__EXCERPTED RECORDS__.
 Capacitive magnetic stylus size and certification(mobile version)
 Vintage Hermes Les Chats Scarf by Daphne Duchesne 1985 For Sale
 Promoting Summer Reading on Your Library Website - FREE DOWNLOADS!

* * *

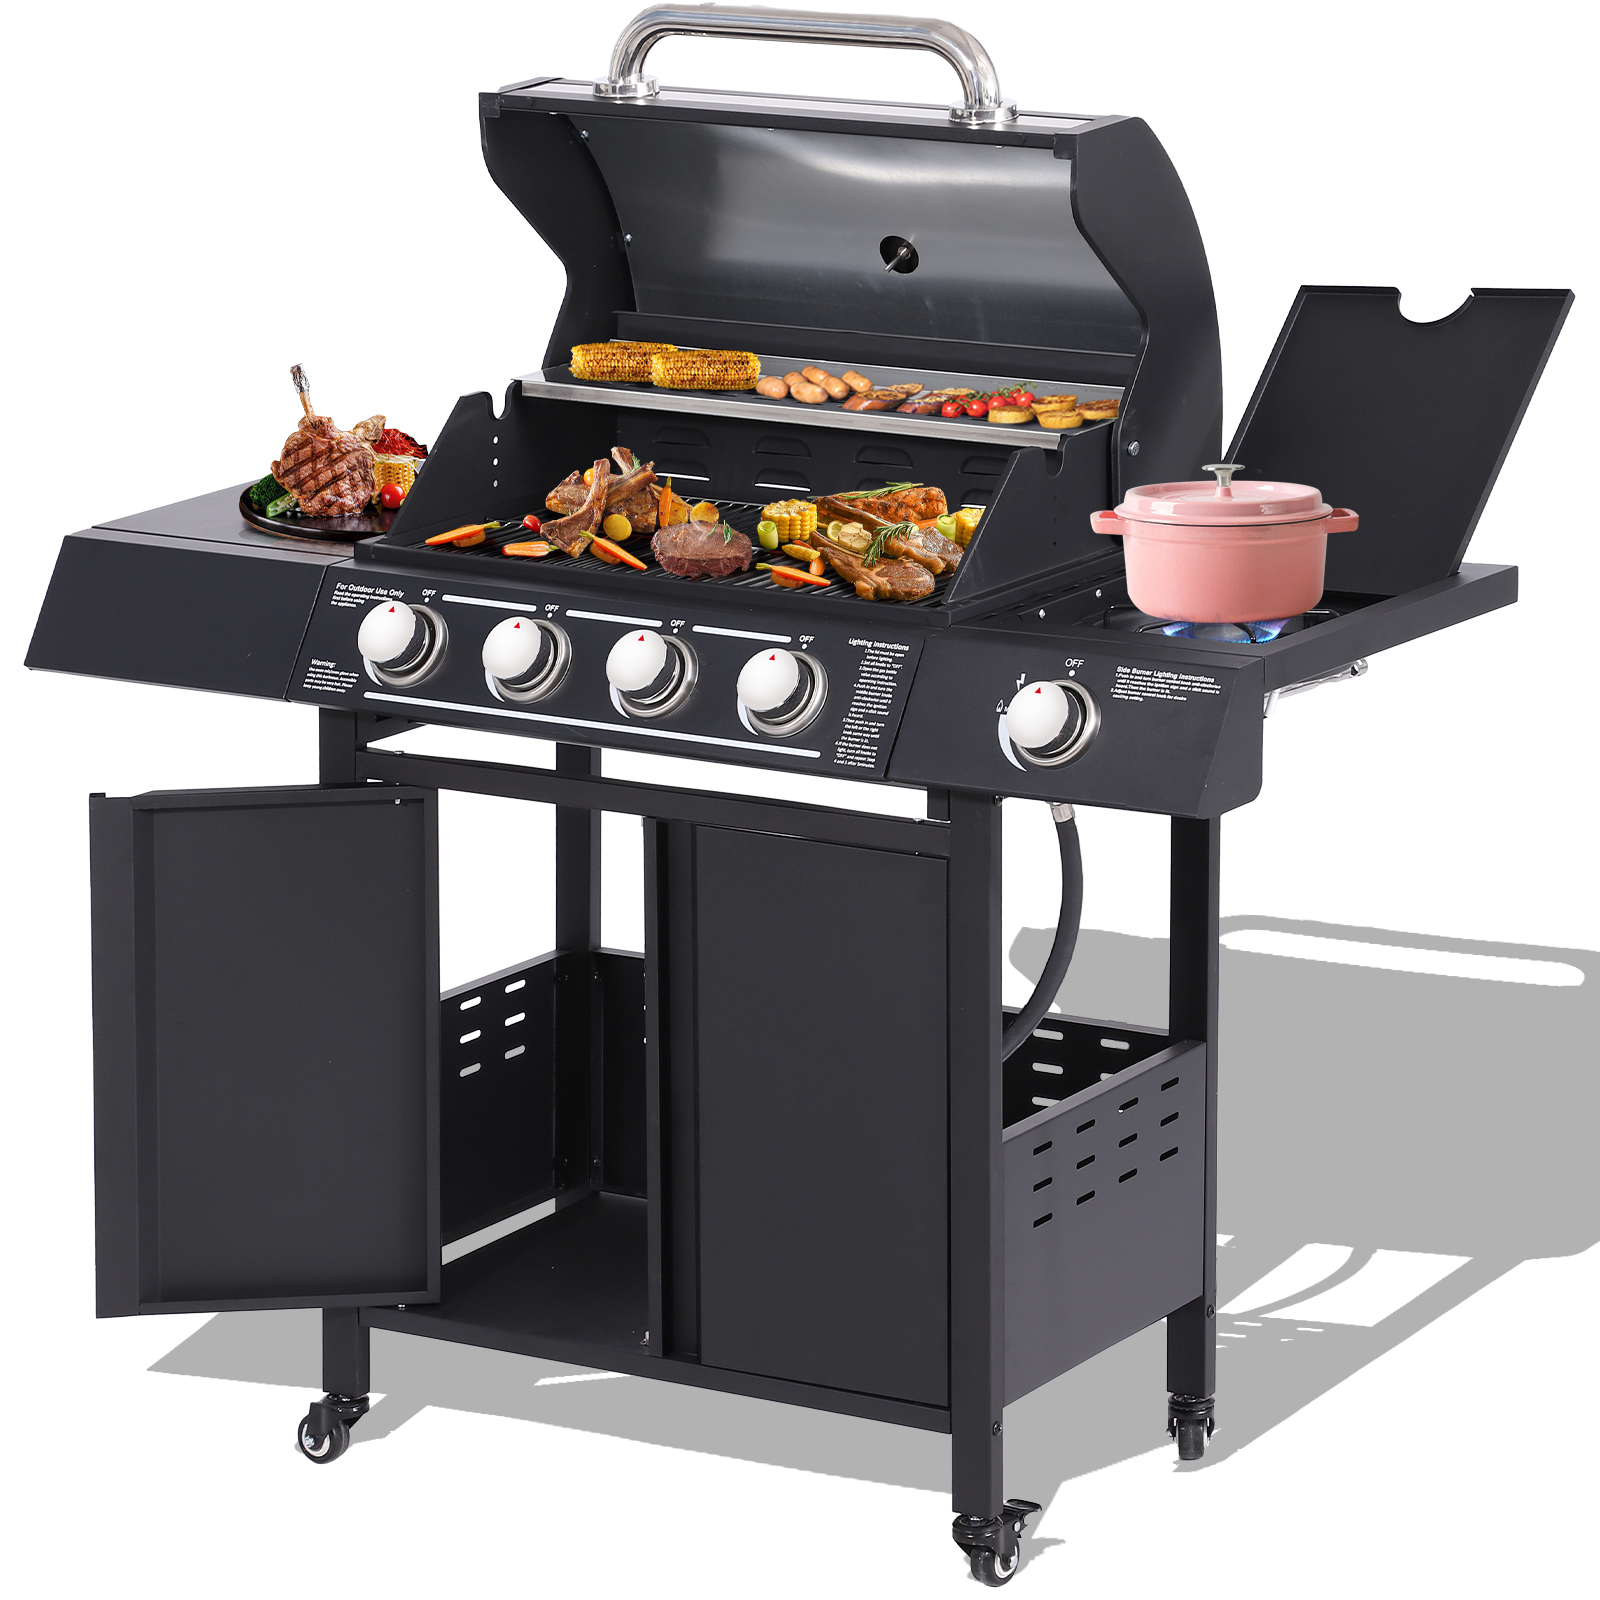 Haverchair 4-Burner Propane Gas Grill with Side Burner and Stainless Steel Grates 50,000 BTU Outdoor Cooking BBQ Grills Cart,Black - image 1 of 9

__THE PROBLEM__. In the listing above, locate the line with "Capacitive magnetic stylus" and the line with "Promoting Summer Reading", then extract exactly those lines and every line between them, and nothing more.

__YOUR SOLUTION__.
 Capacitive magnetic stylus size and certification(mobile version)
 Vintage Hermes Les Chats Scarf by Daphne Duchesne 1985 For Sale
 Promoting Summer Reading on Your Library Website - FREE DOWNLOADS!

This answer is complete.